На камбузе с каждой минутой холодало, под каэшки лез мороз.

– Полаялись и забыли, батя, – с извинением проговорил Маслов. – Не из капрона нервы, сам понимаешь. И помирать опять же никому не охота.

– Не помрем, – сказал Давид. – С Комсомольской дорога под горку пойдет, полегче будет.

– Факт, – поддержал Алексей. – Морозы ослабнут, повысится и давление воздуха и количество кислорода в нем.

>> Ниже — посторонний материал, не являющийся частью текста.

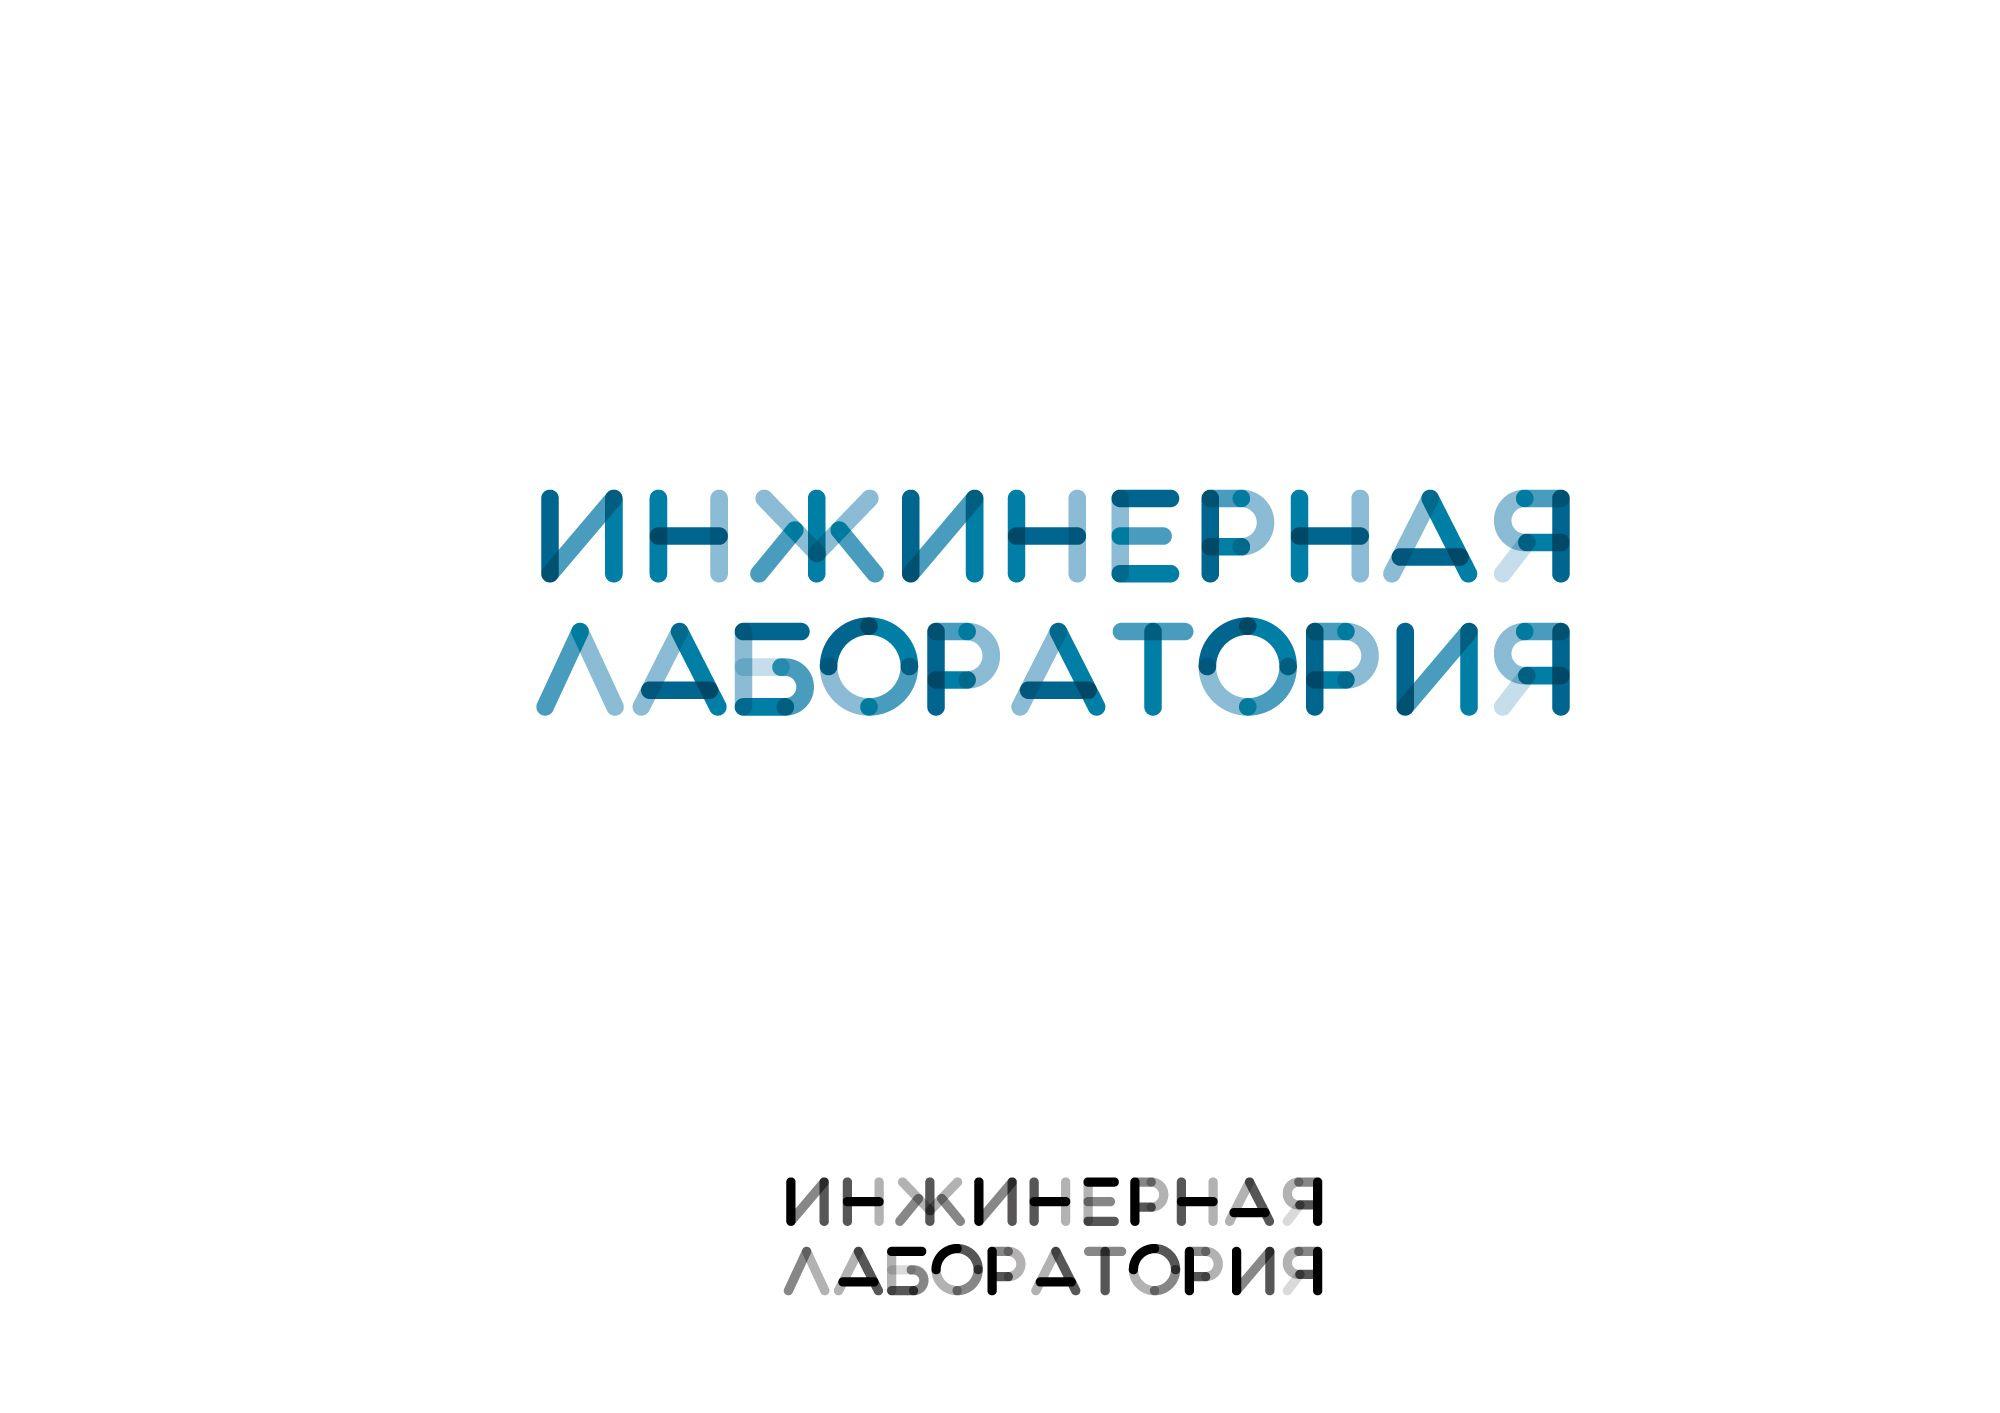 Лого и фирменный стиль для Инженерная лаборатория  - дизайнер setrone
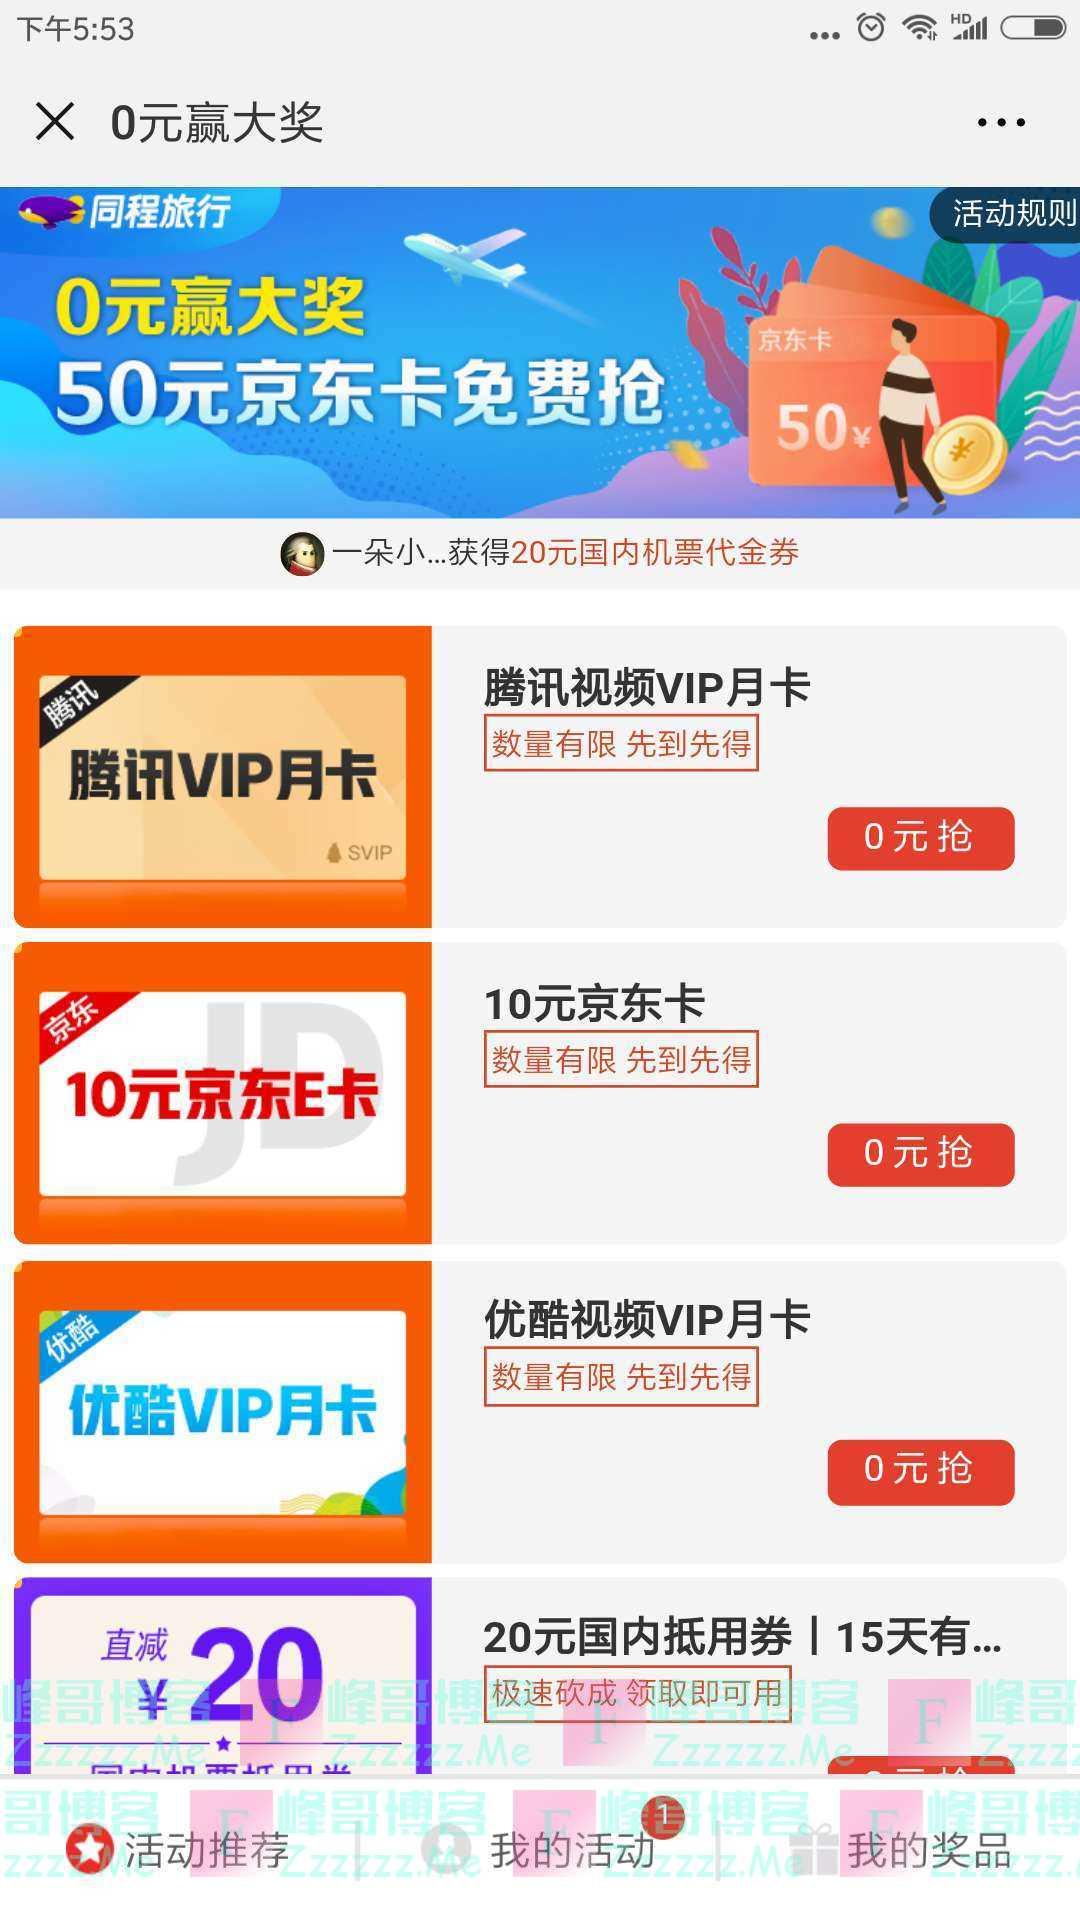 同程机票新一期0元赢大奖(截止不详)

– Выйдешь на улицу, – размечтался Тошка, – а там сущая чепуха: минус пятьдесят. Сымай кальсоны и загорай!

Растаяли, заулыбались.

– Как вернемся, – продолжал мечтать Тошка, – соберу пингвинов штук тыщу, расскажу им лекцию про поход. А если кто каркнет, что брешу, – перья из… повыдергаю!

На этот раз не выдержали, рассмеялись.

– Все, Давид, – вытирая слезы, пробормотал Валера, – побаловал тебя, и баста. Тошка, собирай чемоданы – и домой!

Тошка вопросительно взглянул на Гаврилова.

– Пойдешь вместо Сомова, – еще раз повторил Гаврилов.

Сомов хрустнул пальцами.

– Ну, батя, вылез из оглоблей, было такое… Только машину сдавать не принуждай, рано списывать меня: в пассажиры пригожусь…

– Сдашь, – проговорил Гаврилов, – на одни сутки. Отдохнуть тебе надо, Вася.

– На сутки – другое дело, – обмяк Сомов. – А то «сдай машину», бог знает, чего подумаешь.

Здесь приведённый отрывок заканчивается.